カーネーションは、テスラがクロエとリンスに、と作ってきた花束から理由を話して拝借したものだ。
「もう直に夕方になりますが。今日は楽しめましたか?」
「どうかしらァ? もうちょっと、困った顔をしてもらいたかったのだけど」
「リンス様も、心が強くなられましたので」
「そうねェ。前までのぐずぐずしてるリンちゃんも可愛かったのに」
「ですが、今のほうが面白いと感じられているのでは?」
楽しみがいがある、と。
指摘すると、魔女はクッと笑った。今まで浮かべていた笑みよりも、感情のある笑いだった。当たり、なのだろう。
退屈だったのよ。
謡うように魔女が言った。
「ちょっとは楽しかったから、約束どおり戻してあげるわァ」
そして、微笑む。強い風が吹いた。ディリアーの長い髪が、風に揺れる。けれど、カーネーションの花びらは微動だにしなかった。
「五月の第二日曜日。今日、これを渡した意味はアタシを『母』と見立てて?」
「いいえ。貴女様を母だなんて失礼な」
「あら、そォなの。じゃァどういう意味かしらァ?」
「カーネーションの花言葉には、『あらゆる試練を見守る誠実』というのがあります」
善い魔女、にはお似合いですよね?
終始笑顔を絶やさずに言うと、やはり魔女も笑い。
「ありがとう。
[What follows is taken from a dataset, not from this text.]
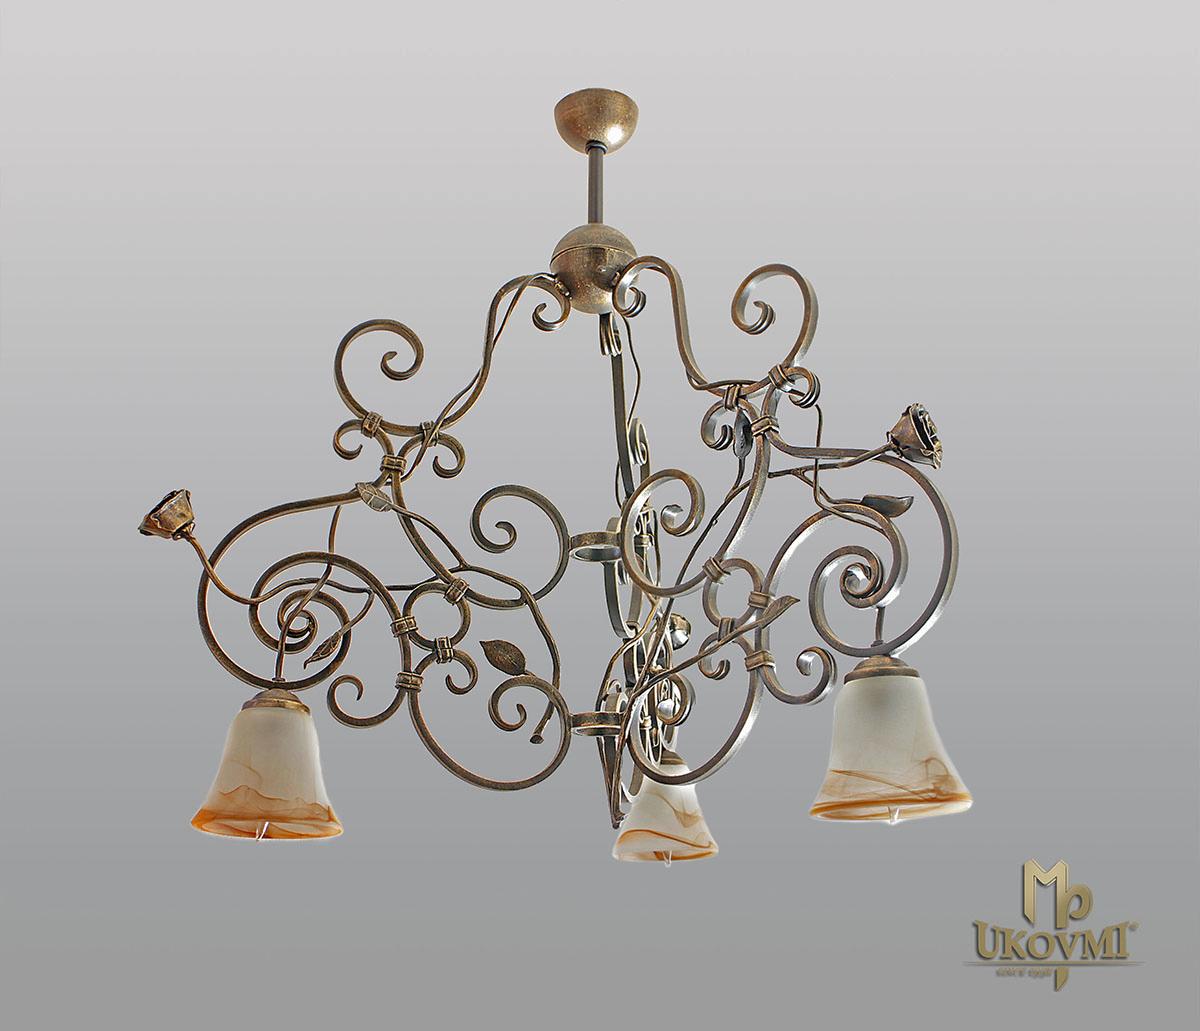 Závesné svietidlo – kovaný luster – RUSTIKÁL 3 - interiérové svietidlo

飾っておくわ」
彼女はそのまま、風に溶けるように消えていった。
ディリアーが居なくなると同時に風は止み。
日が落ち、オレンジ色に染まった空を鳥が横切った。
工房では今頃、また急に性転換が起きて戸惑っていることだろう。
ハーブティを淹れよう。飲んで、リラックスしてもらおう。そう考えながら、マナは工房への道を歩く。